I'd need to find bi-sect this or at least find a commit which changes the behavior. Or systemd handles that differently between both kernel versions.

> A kernel bug seems much more likely than blaming this on Portage.

Sounds reasonable.

A work-around would probably be to use a portage tmp directly one level below the mount point, or just statically mount the tmpfs. But I wanted to avoid that and unmount on idle so it will clean up memory usage even if some files are left over in the tmpfs.
Comment 9 Kai Krakow 2023-02-14 15:52:45 UTC
I found some commits between 5.15..6.1 which may have changed behavior around inode caching and inode lookup of autofs mount points, probably for better correctness.

Only maybe relevant thread found:
https://lore.kernel.org/all/165724445154.30914.10970894936827635879.stgit@donald.themaw.net/

I think the behavior may be intentional:

If you just stat directory entries from the parent, you're not supposed to open the directories (portage calls stat for `/var/tmp/portage`). Otherwise, scanning directories could trigger mounts unintentionally and could cause amounts of IO or network overhead, or even timeouts in case of connectivity problems.

Thus, if I explicitly stat `/var/tmp/portage/.`, I get the stat data of the mounted directory instead of the mount point - which is what portage really wants to ask for: We don't need the stat data of the parent device but the device inside the mount point.

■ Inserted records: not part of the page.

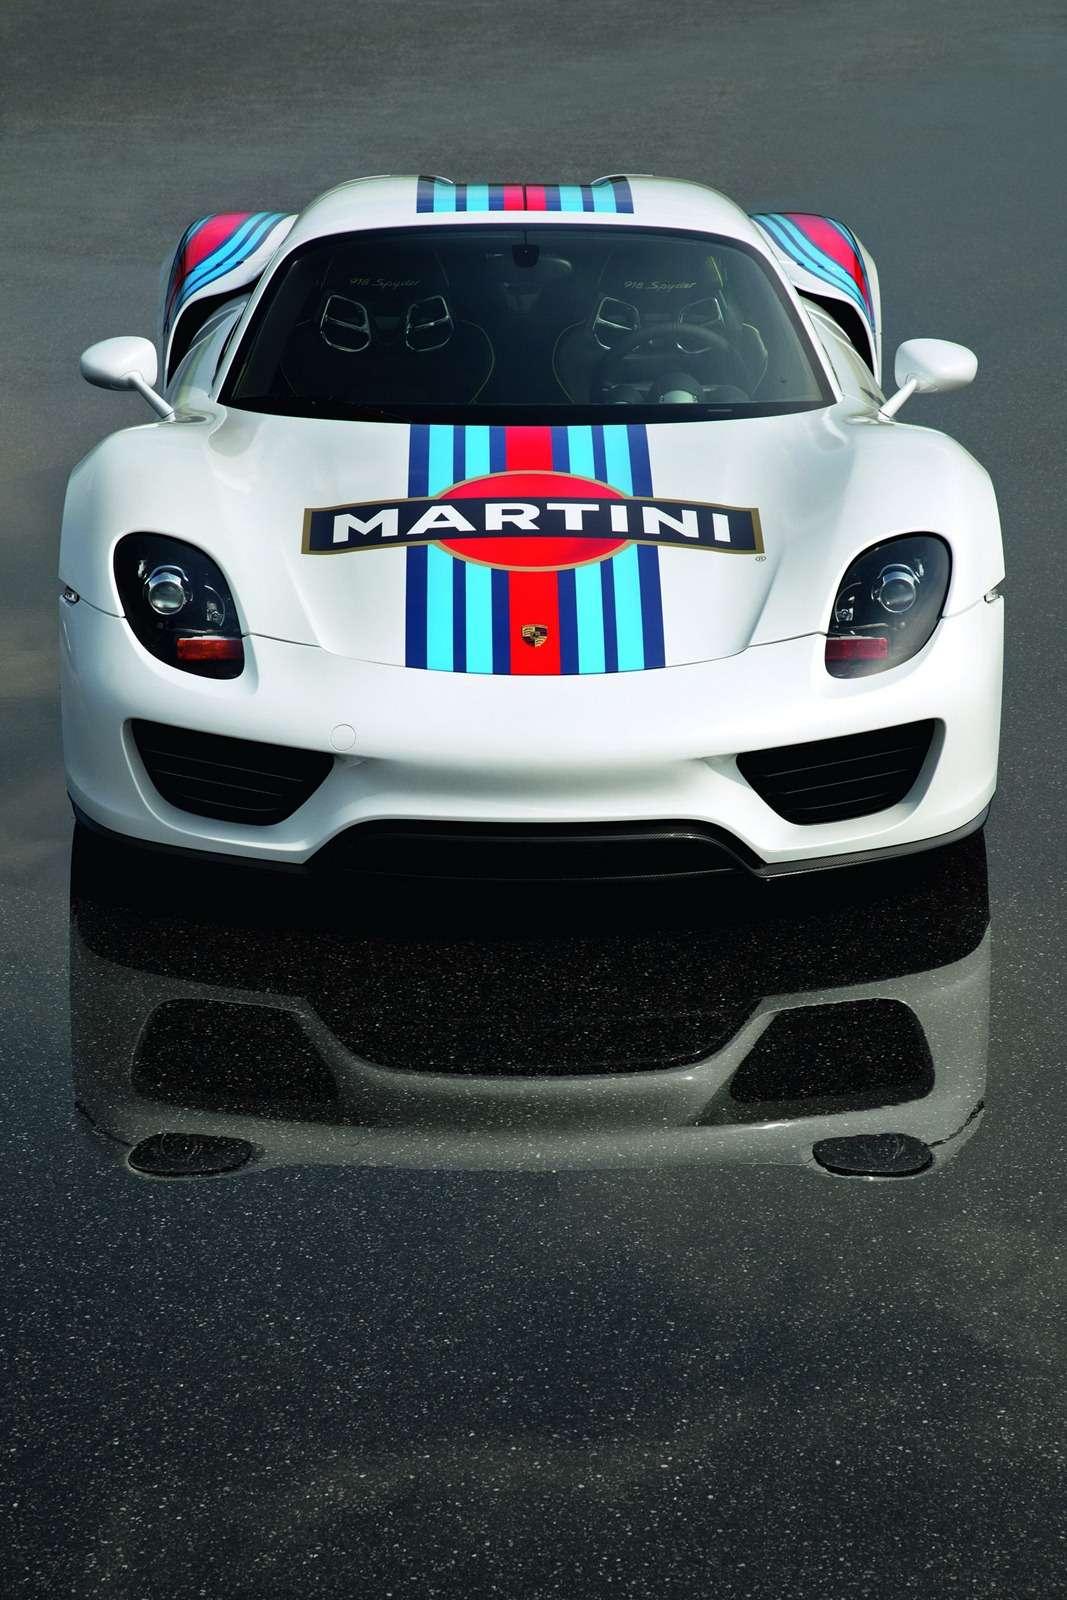 porsche-918-hybrid-martini-racing_07.jpg
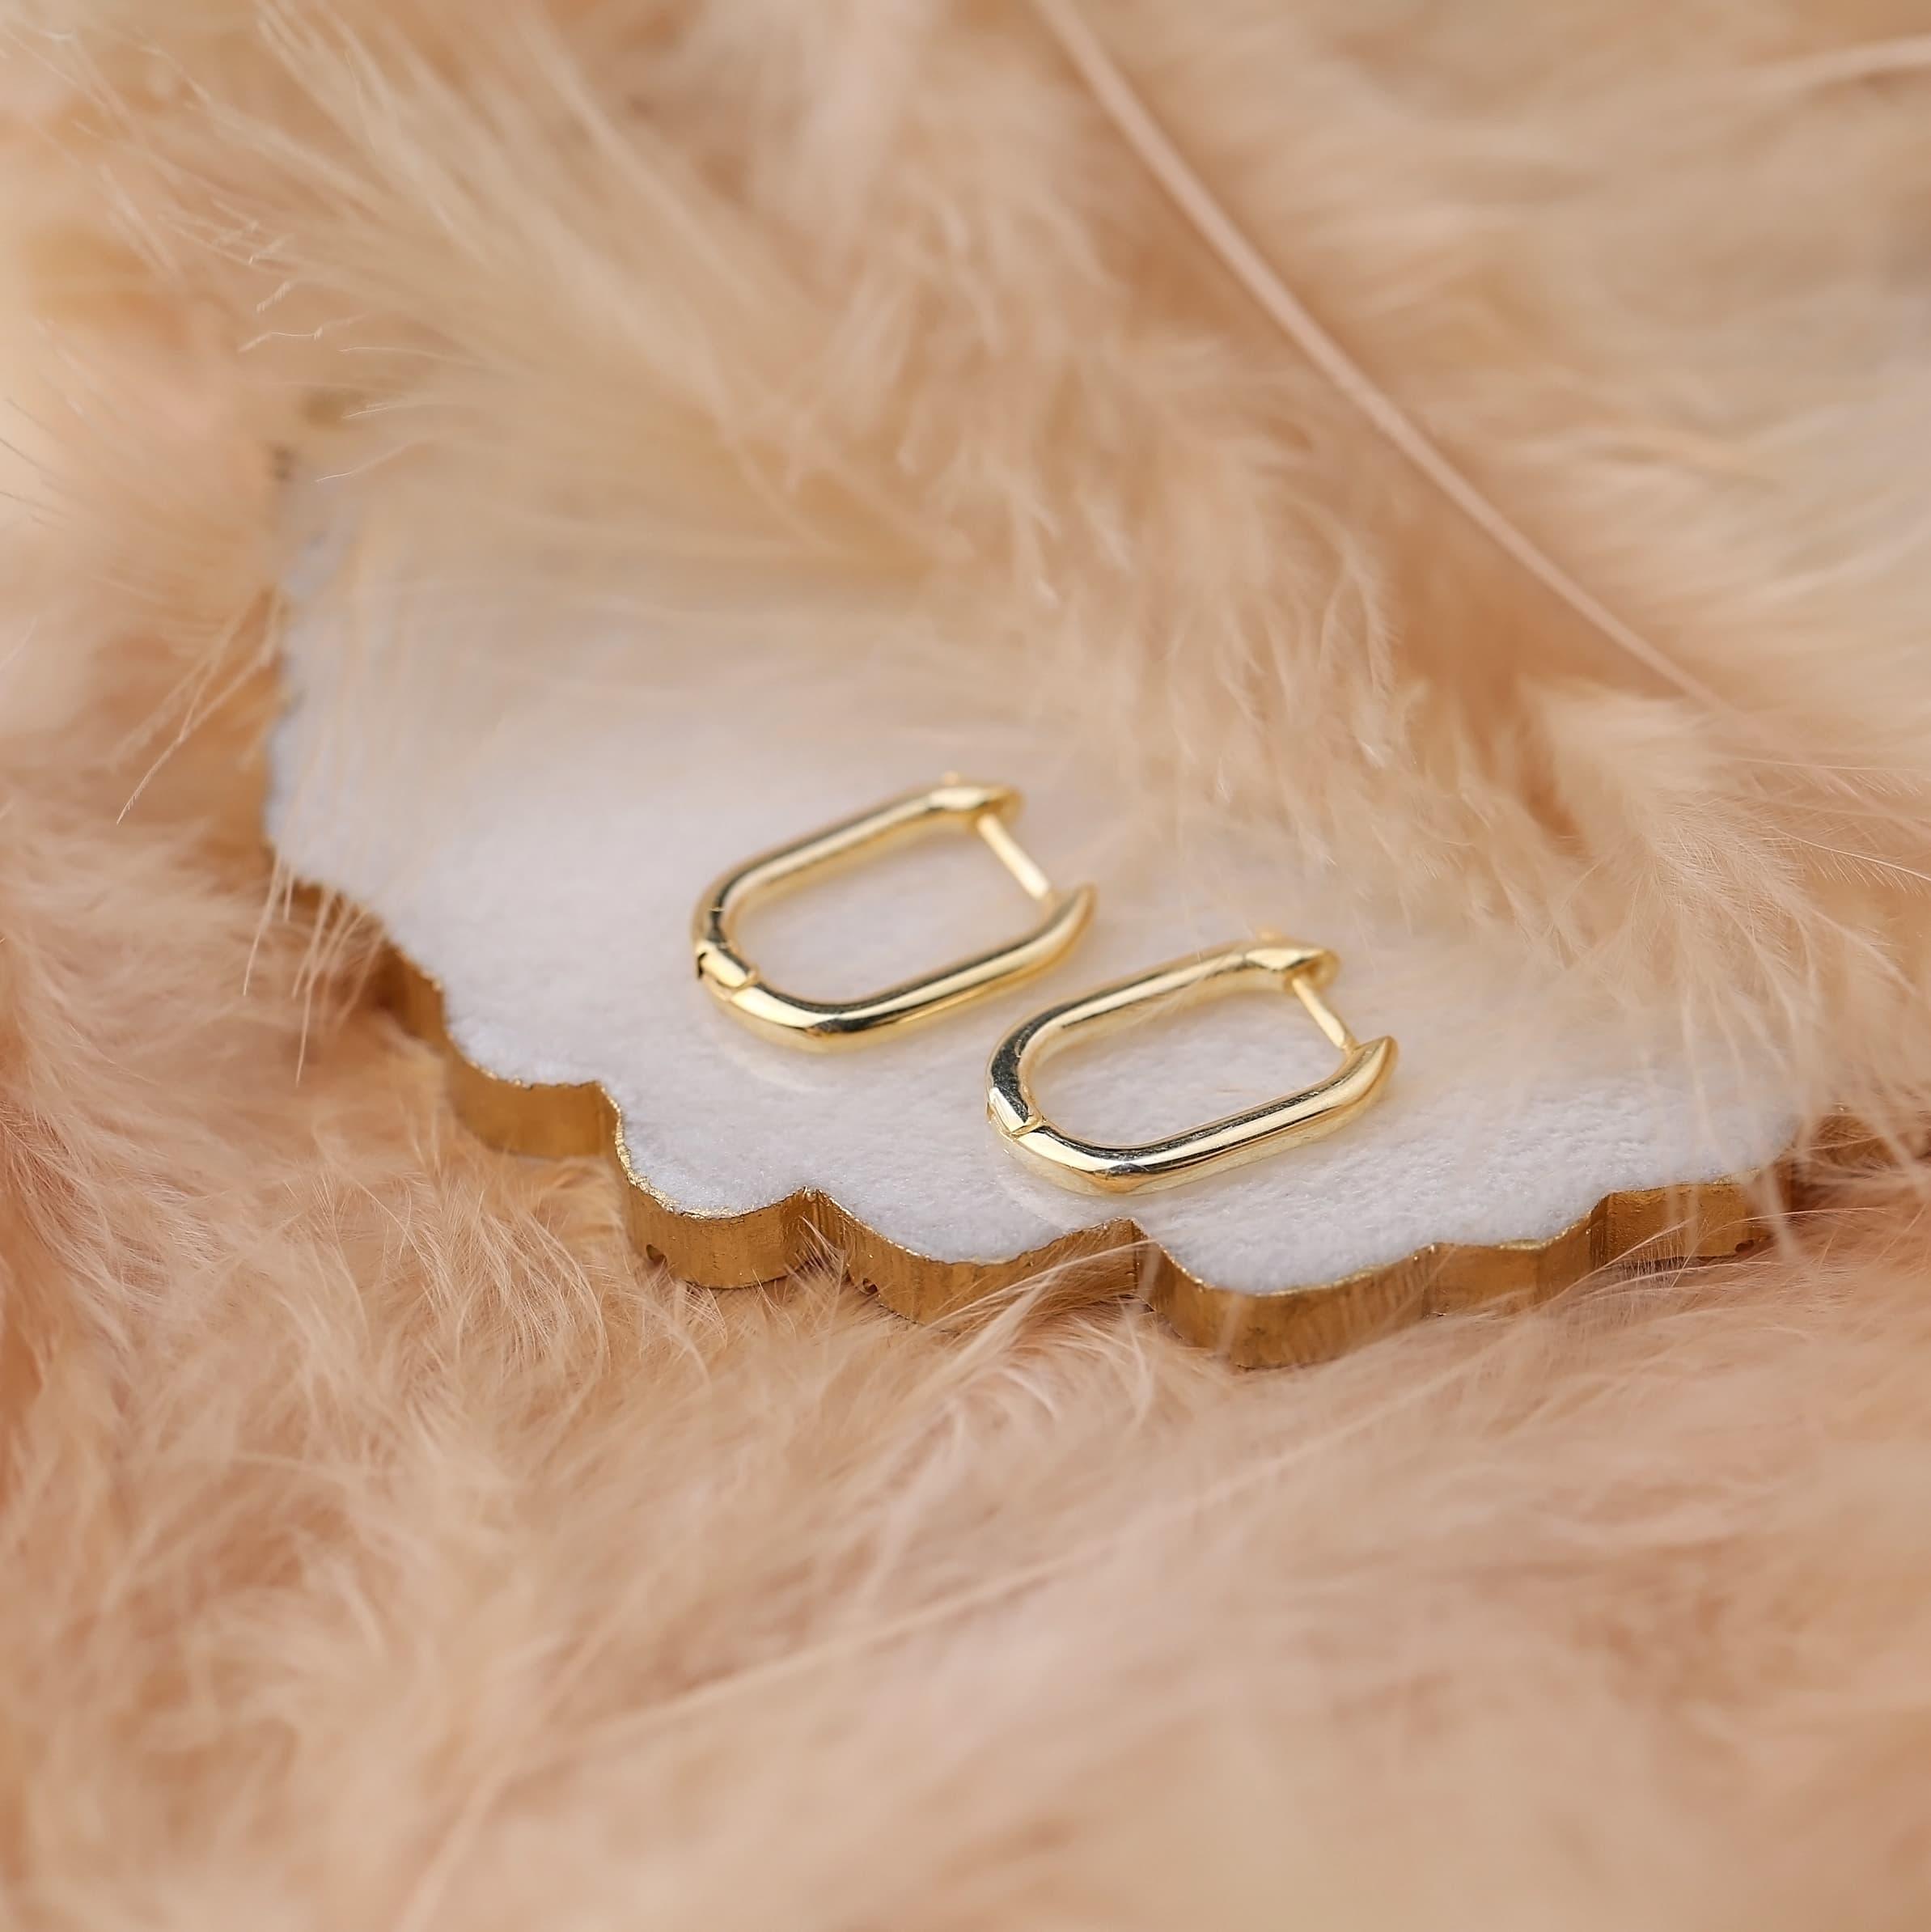 Silver Elegant Oval Hoop Earrings Wholesale Turkish Handmade 925 Sterling Silver Jewelry
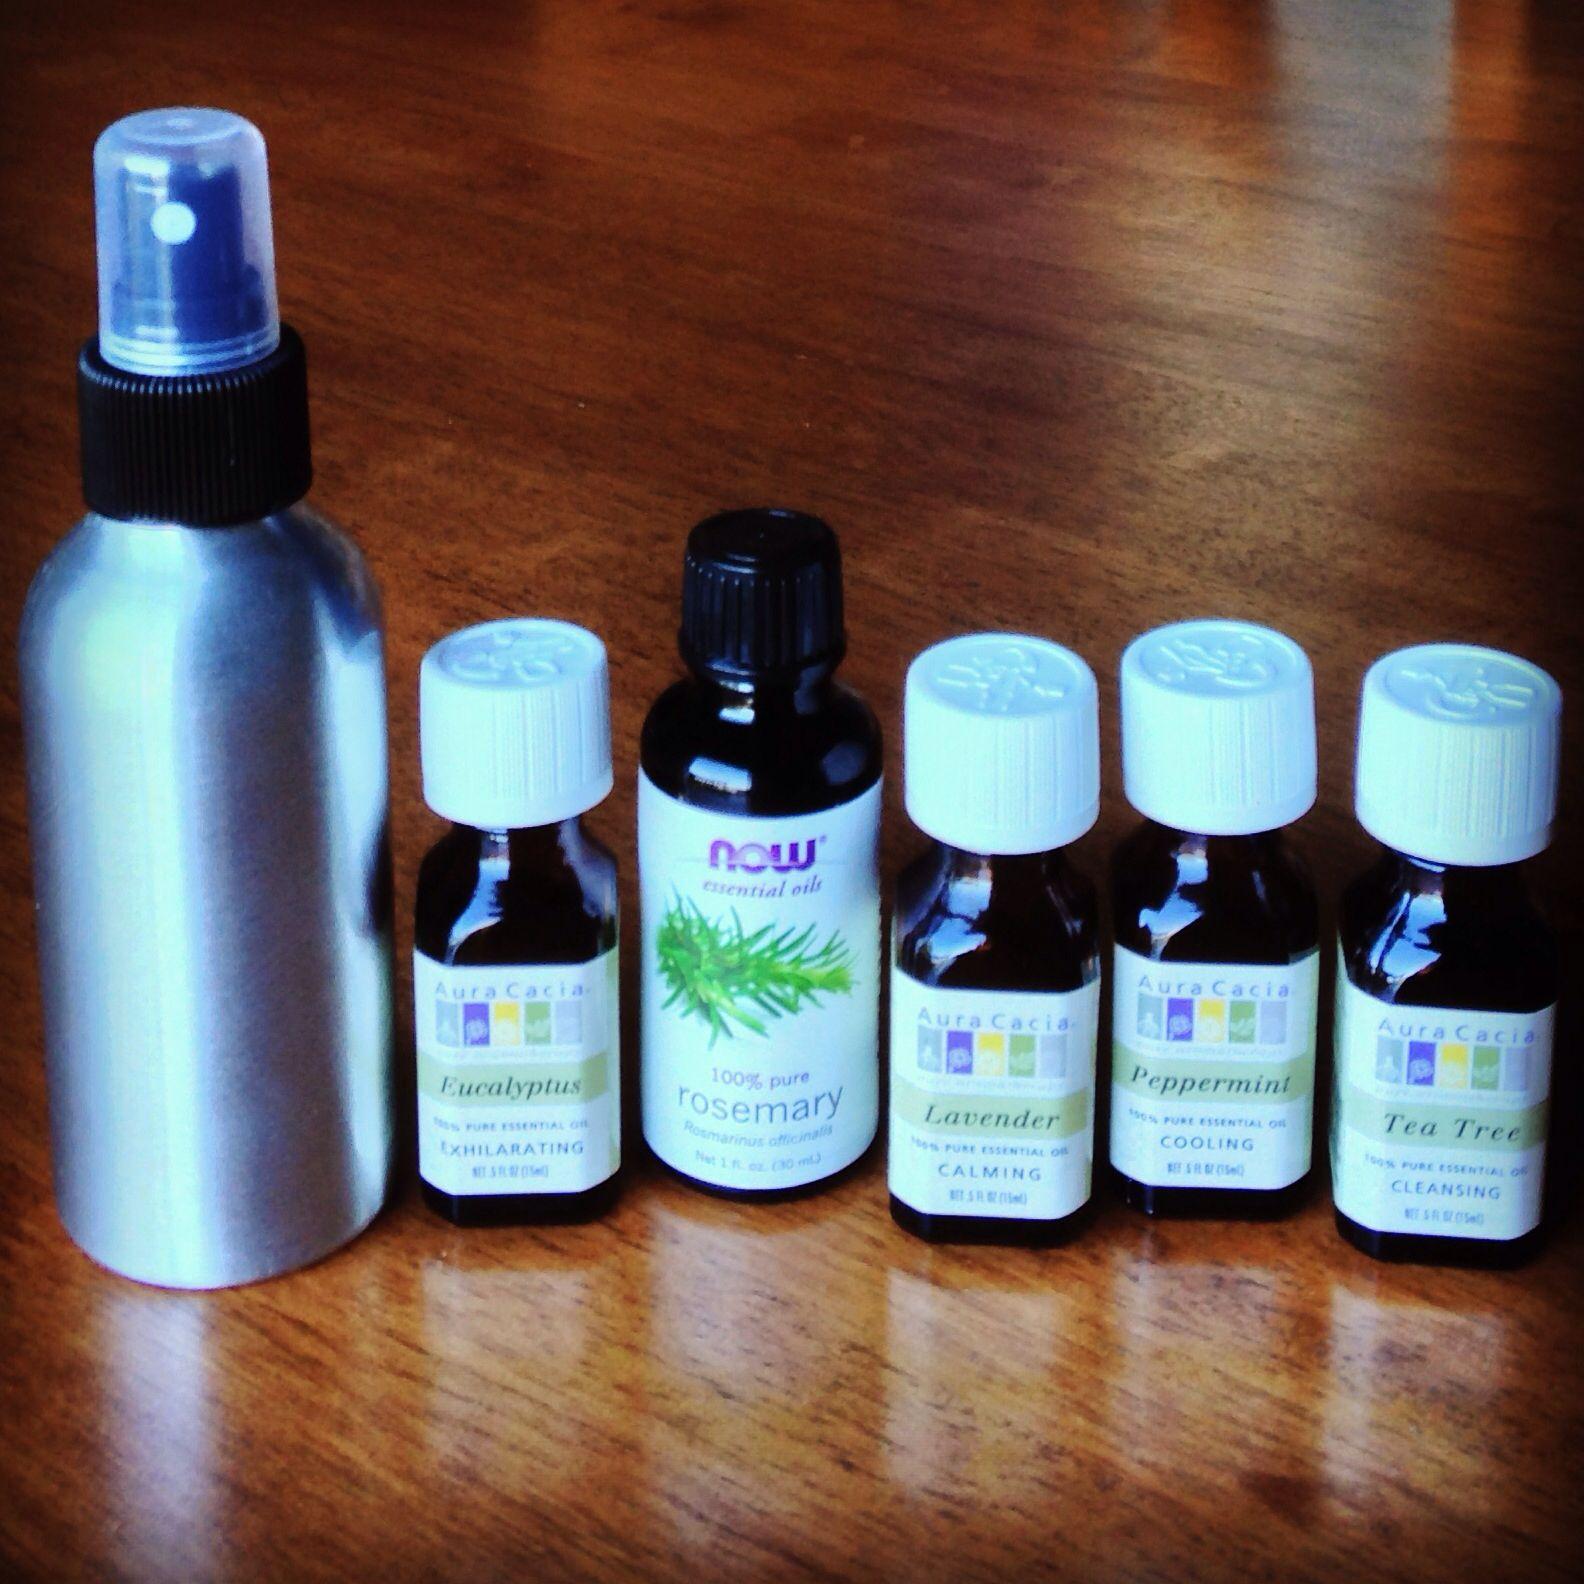 Lice prevention oil blend for treating kids drops of each oil

So I think the correct way for portage to check for available space is to actually trigger a mount and ask for that information by adding `/.` to the path for the stat call.

What do you think?
Comment 10 Mike Gilbert gentoo-dev 2023-02-14 16:04:32 UTC
I'm not sure I buy into the idea that stat /var/tmp/portage should not trigger an automount. I don't think we want to introduce an extra "/." in every place we refer to $PORTAGE_TMPDIR/portage.

As a workaround, you set up an automount at some other location (/mnt/foo), and make portage a directory within the automounted filesystem.

You would then set PORTAGE_TMPDIR=/mnt/foo, or set up a symlink to it at /var/tmp/portage.

That way, attempts to access /mnt/foo/portage should trigger an automount since it is accessing a child path instead of the mount point itself.
Comment 11 Kai Krakow 2023-02-14 16:59:11 UTC
Created attachment 851118 [details, diff]
trigger automounts properly (hacky)

I understand your argument, and the proposed work-around is what I was going to implement.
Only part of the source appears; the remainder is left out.